# Equation of a line/planes chapter question

1. Sep 19, 2009

### tnutty

1. The problem statement, all variables and given/known data

Find the parametric equation and symmetric equation for the line :

11) The line through (1,-1,1) and parallel to the line x + 2 = y/2 = z-3

2. Relevant equations

Parametric equation :

x = x0 - at
y = y0 - bt
z = z0 - ct

symmetric equations :

(x - xo) / a = (y - yo)/b = (z - zo) /c

3. The attempt at a solution

I just need to find a parallel vector to the line x + 2 = y/2 = z-3.
Then I could use that vector with the initial point to find the parametric equation and the
symmetric equation.

I am just not sure how to find the parallel vector. Looking at the book for answer,
I see that the parallel vector is <2,3,2>, but I can't figure out how to obtain that answer.

2. Sep 19, 2009

### HallsofIvy

Staff Emeritus
One way to convert from "symmetric form" (x- x0)/a= (y- y0)/b= (z- z0)/c to "parametric form" is to use that "common value" as your parameter. That is, (x- x0)/a= (y- y0)/b= (z- z0)/c= t so you have (x- x0)/a= t, (y- y0)/b= t, and (z-z0)/c= t. Solve those for x, y, and z to get parametric equations for the same line.
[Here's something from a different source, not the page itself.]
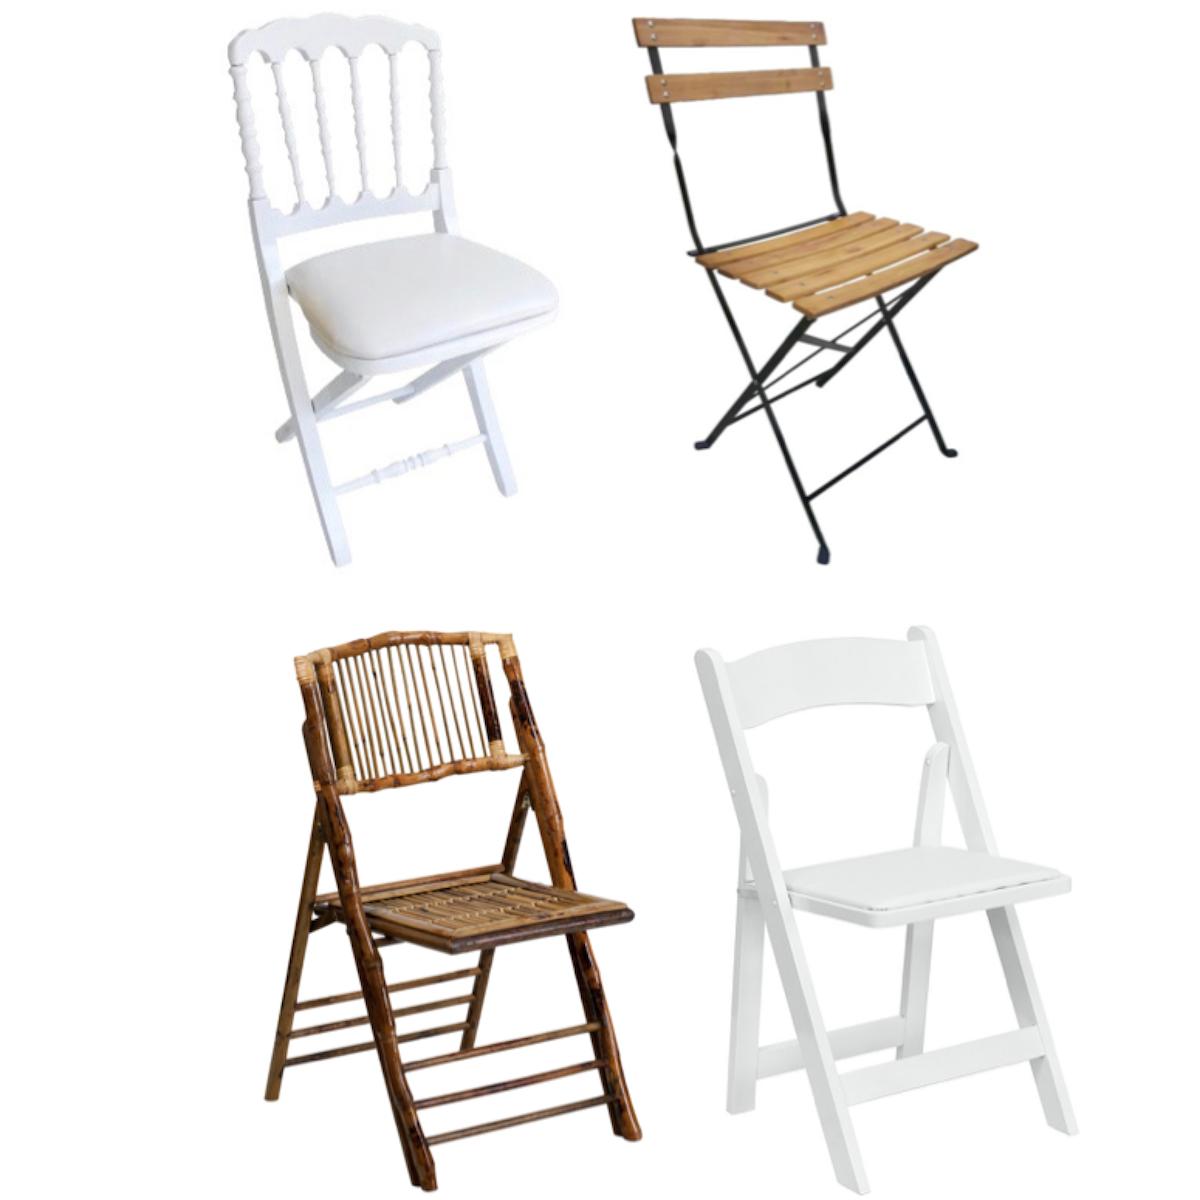 imexia vente et location de mobilier de r ception. Black Bedroom Furniture Sets. Home Design Ideas

Of course, once you have parametric equations, x= At+ x0, y= Bt+ y0, z= Ct+ z0, a vector parallel to the line is <A, B, C>.

(No, <2, 3, 2> is NOT parallel to x+ 2= y/2= z- 3. for example, on point that satisfies those is (-1, 2, 4) (I took x+2= y/2= z- 3= 1) and another is (0, 4, 5) (x+2= y/2= z- 3= 2). The vector from one of those to the other is NOT parallel to <2, 3, 2>.)

3. Sep 19, 2009

### tnutty

I though that the equation given "x + 2 = y/2 = z-3" looked like the symmetric form,
with a = b = c = 1. So <A,B,C> = <1,1,1> ?

The from that I could find the displacement vector of <1,-1,1> , <1,1,1>

Then use that vector, which must be parallel to find the answer?